Git Product home page Git Product logo

trillian's Introduction

Trillian: General Transparency

Go Report Card codecov GoDoc Slack Status

Overview

Trillian is an implementation of the concepts described in the Verifiable Data Structures white paper, which in turn is an extension and generalisation of the ideas which underpin Certificate Transparency.

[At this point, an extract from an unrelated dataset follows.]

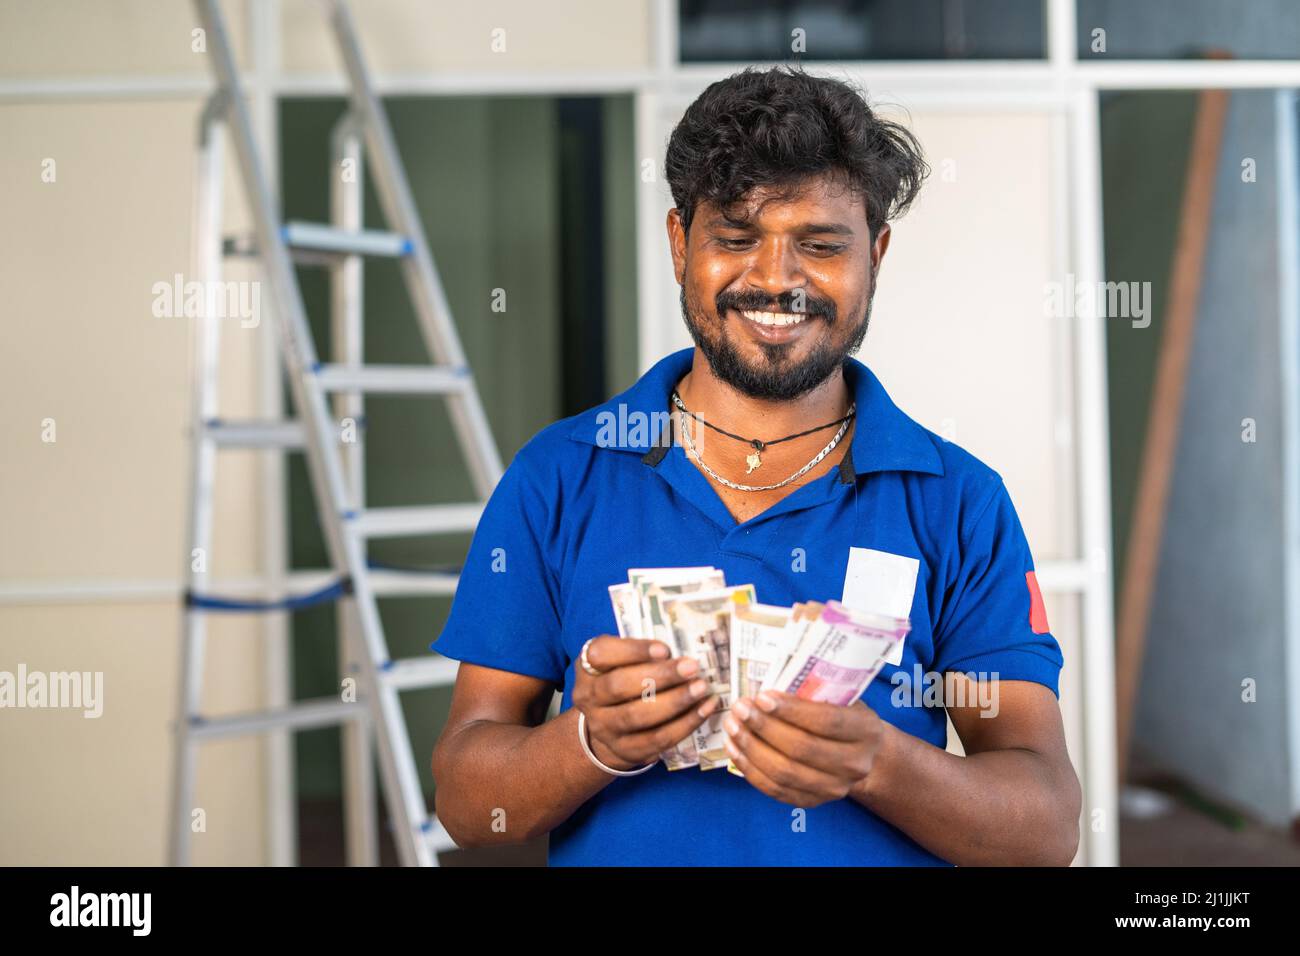 Smiling aluminium worker counting indian money at workplace - concept of banking support, earning or profit and maintenance or repair service. Stock Photo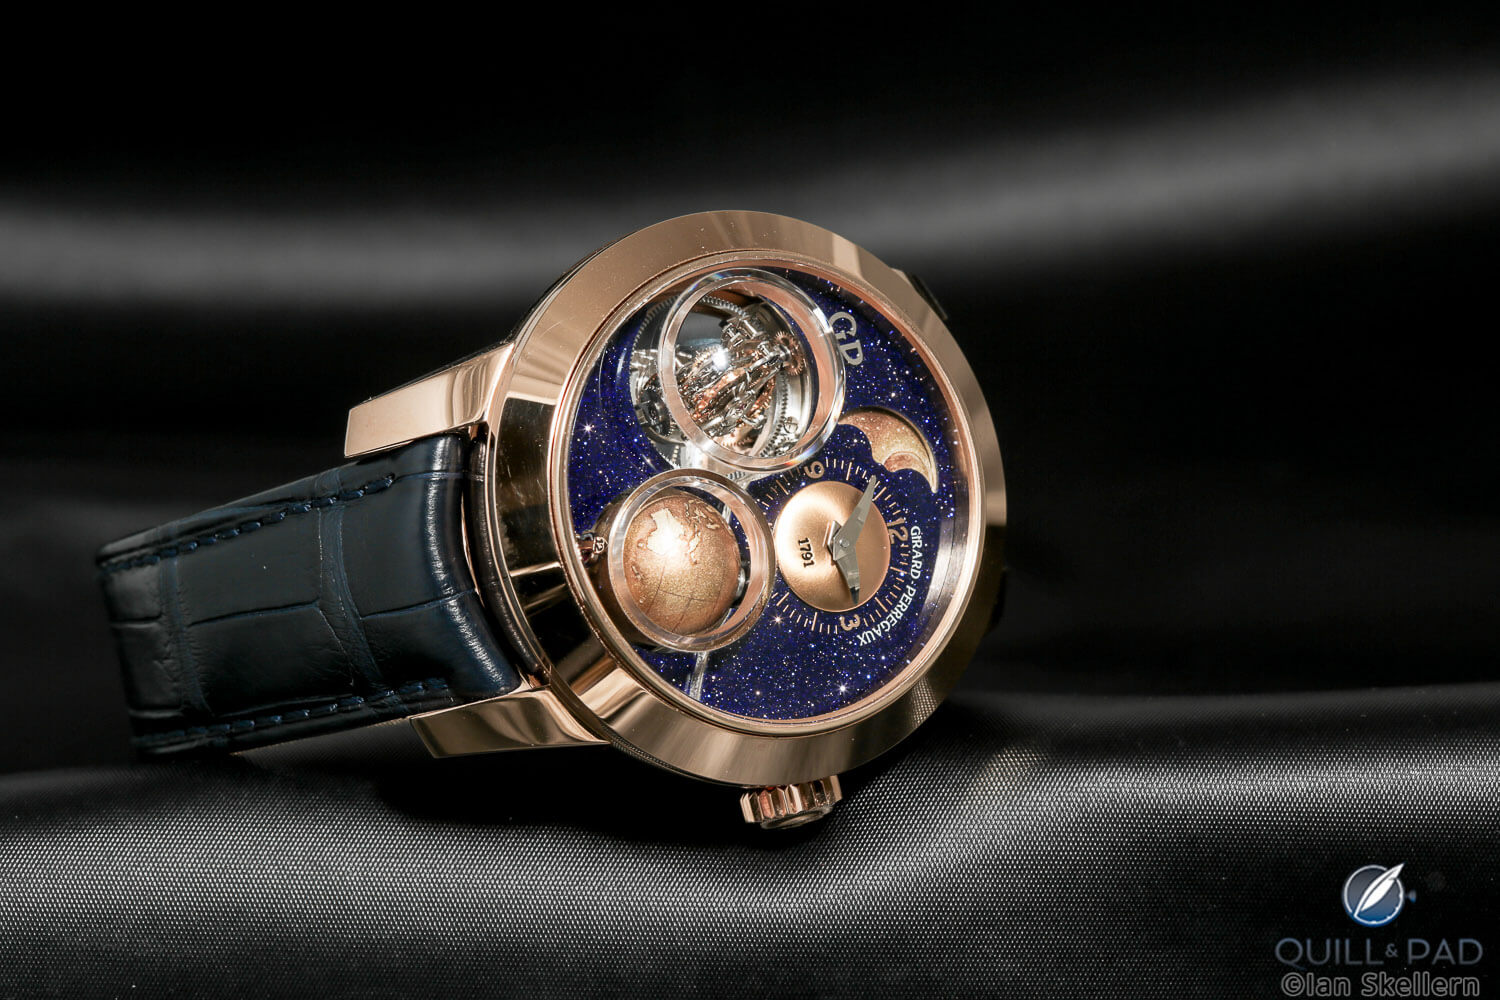 Girard-Perregaux introduced an aventurine-outfitted edition of its complicated Planetarium Tri-Axial at SIHH 2018

Trillian implements a Merkle tree whose contents are served from a data storage layer, to allow scalability to extremely large trees. On top of this Merkle tree, Trillian provides the following:

  • An append-only Log mode, analogous to the original Certificate Transparency logs. In this mode, the Merkle tree is effectively filled up from the left, giving a dense Merkle tree.

Note that Trillian requires particular applications to provide their own personalities on top of the core transparent data store functionality.

Certificate Transparency (CT) is the most well-known and widely deployed transparency application, and an implementation of CT as a Trillian personality is available in the certificate-transparency-go repo.

Other examples of Trillian personalities are available in the trillian-examples repo.

Support

Using the Code

The Trillian codebase is stable and is used in production by multiple organizations, including many large-scale Certificate Transparency log operators.

Given this, we do not plan to add any new features to this version of Trillian, and will try to avoid any further incompatible code and schema changes but cannot guarantee that they will never be necessary.

The current state of feature implementation is recorded in the Feature implementation matrix.

To build and test Trillian you need:

  • Go 1.21 or later (go 1.21 matches cloudbuild, and is preferred for developers that will be submitting PRs to this project).

To run many of the tests (and production deployment) you need:

Note that this repository uses Go modules to manage dependencies; Go will fetch and install them automatically upon build/test.

To fetch the code, dependencies, and build Trillian, run the following:

git clone https://github.com/google/trillian.git
cd trillian

go build ./...

To build and run tests, use:

go test ./...

The repository also includes multi-process integration tests, described in the Integration Tests section below.

MySQL Setup

To run Trillian's integration tests you need to have an instance of MySQL running and configured to:

  • listen on the standard MySQL port 3306 (so mysql --host=127.0.0.1 --port=3306 connects OK)
  • not require a password for the root user

You can then set up the expected tables in a test database like so:

./scripts/resetdb.sh
Warning: about to destroy and reset database 'test'
Are you sure? y
> Resetting DB...
> Reset Complete

Integration Tests

Trillian includes an integration test suite to confirm basic end-to-end functionality, which can be run with:

./integration/integration_test.sh

This runs a multi-process test:

  • A test that starts a Trillian server in Log mode, together with a signer, logs many leaves, and checks they are integrated correctly.

Deployment

You can find instructions on how to deploy Trillian in deployment and examples/deployment directories.

Working on the Code

Developers who want to make changes to the Trillian codebase need some additional dependencies and tools, described in the following sections. The Cloud Build configuration and the scripts it depends on are also a useful reference for the required tools and scripts, as it may be more up-to-date than this document.

Rebuilding Generated Code

Some of the Trillian Go code is autogenerated from other files:

  • gRPC message structures are originally provided as protocol buffer message definitions. See also, https://grpc.io/docs/protoc-installation/.
  • Some unit tests use mock implementations of interfaces; these are created from the real implementations by GoMock.
  • Some enums have string-conversion methods (satisfying the fmt.Stringer interface) created using the stringer tool (go get golang.org/x/tools/cmd/stringer).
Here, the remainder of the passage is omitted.